Depuis les accords de distribution signés en 1998 entre Disney et Ghibli, la presse mondiale et le grand public ne jurent que par Miyazaki. Avec la puissance de feu de la multinationale, il n’est pas vraiment étonnant que le rouleau compresseur du marketing américain parvienne à convaincre tout le monde que Miyazaki est le « Disney japonais ».
Il est devenu de bon ton d’aimer le « style Ghibli » et d’employer cette locution dans toutes les articles évoquant de près ou de loin le graphisme japonais. Contrairement au « style manga » (autre locution qui ne veut rien dire mais qui est pléthorique dans la presse), qui évoque dans la tête des journalistes et des services marketing des chevelures et des tenues improbables aux couleurs vives, le « style Ghibli » est paré de tous les bienfaits. D’ailleurs les services marketing du jeu vidéo l’emploient à toutes les sauces.
A présent que Miyazaki et Ghibli s’arrêtent de faire des films, j’espère vraiment que les représentations vont changer.
Tuer le père
Même si j’adore Miyazaki, au fil du temps, ce réalisateur me semblait de plus en plus proche de Chronos, le dieu grec qui mangeait ses propres enfants car il ne voulait pas être détrôné. Yoshifumi Kondo, réalisateur de Si tu tends l’oreille (Mimi o Sumaseba, 1995), devait reprendre le flambeau mais il est mort en 1998. Depuis lors, d’autres réalisateurs auraient pu être désignés comme des héritiers et ont tenté de renouveler les succès commerciaux et critiques de Miyazaki. Mais dans les faits, aucun prétendant n’a pu y parvenir.

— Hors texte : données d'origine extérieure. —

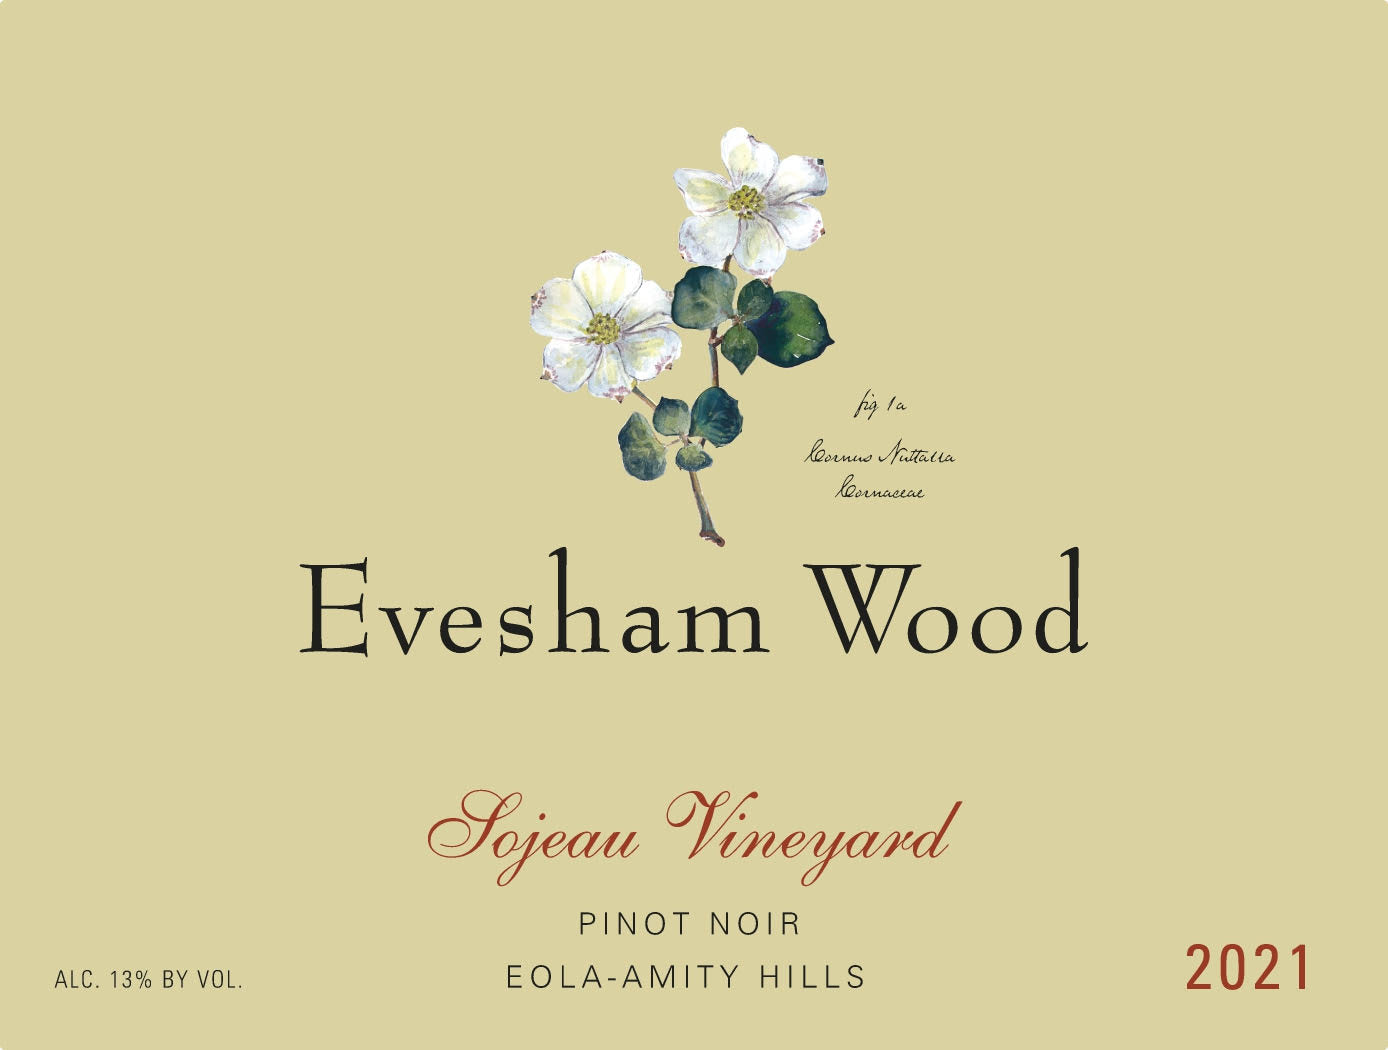 Evesham Wood Sojeau Vineyard Pinot Noir 2021

Mamoru Hosada, qui travaillait sur le Château ambulant avait été finalement évincé du projet et remplacé par le maître. Il n’a pu s’épanouir que dans une autre structure et réaliser ainsi les superbes films que sont La Traversée du temps (2006), Summer Wars (2009) et Les Enfants loups, Ame et Yuki (2012). Le joli Royaume des chats (Neko no ongaeshi, 2002) de Hiroyuki Morita a eu du succès mais ne restera pas dans les mémoires comme un chef d’œuvre incontournable.
Lorsque le fils de Miyazaki se met à réaliser les Contes de Terremer (Gedo Senki, 2006), son père s’oppose au projet et ne lui parle pas durant sa production. Lorsque Goro Miyazaki réalise son deuxième film, la Colline aux coquelicots (Kokuriko zaka kara, 2011), son père s’implique dans le projet et s’occupe du scénario avec Keiko Niwa. Mais là encore, les résultats au box office sont loin de ceux des films réalisés par le père.
Or le dernier film de Miyazaki a coûté tellement cher à la production qu’il n’était pas rentable en septembre 2013 selon une source interne au studio. Le dernier film de Takahata était encore plus pharaonique au niveau du budget et l’on peut donc également s’inquiéter de sa rentabilité.
Finalement, le seul réalisateur qui a pu avoir une carrière l’a faite en dehors du studio Ghibli, loin de Miyazaki.
Après le Disney japonais, le Pixar du Soleil Levant ?
Si l’on poursuit l’analogie entre Disney et Miyazaki/Ghibli, on peut se dire qu’après la mort de Disney et durant l’affaiblissement de la société, des outsiders ont pu bénéficier de la couverture médiatique, devenir populaire et proposer autre chose. Ainsi Dreamworks (Skrek, Madagascar) et Pixar (Toy Story) ont pu émerger et trouver un écho chez le grand public.
Je prie de tout cœur pour que les yeux du public se tournent enfin vers les autres talentueux réalisateurs car Ghibli ne représente pas toute l’animation japonaise. Pourvu que les spectateurs ne soient plus éblouis par le soleil Miyazaki et puissent enfin voir la forêt qui se cache derrière l’arbre.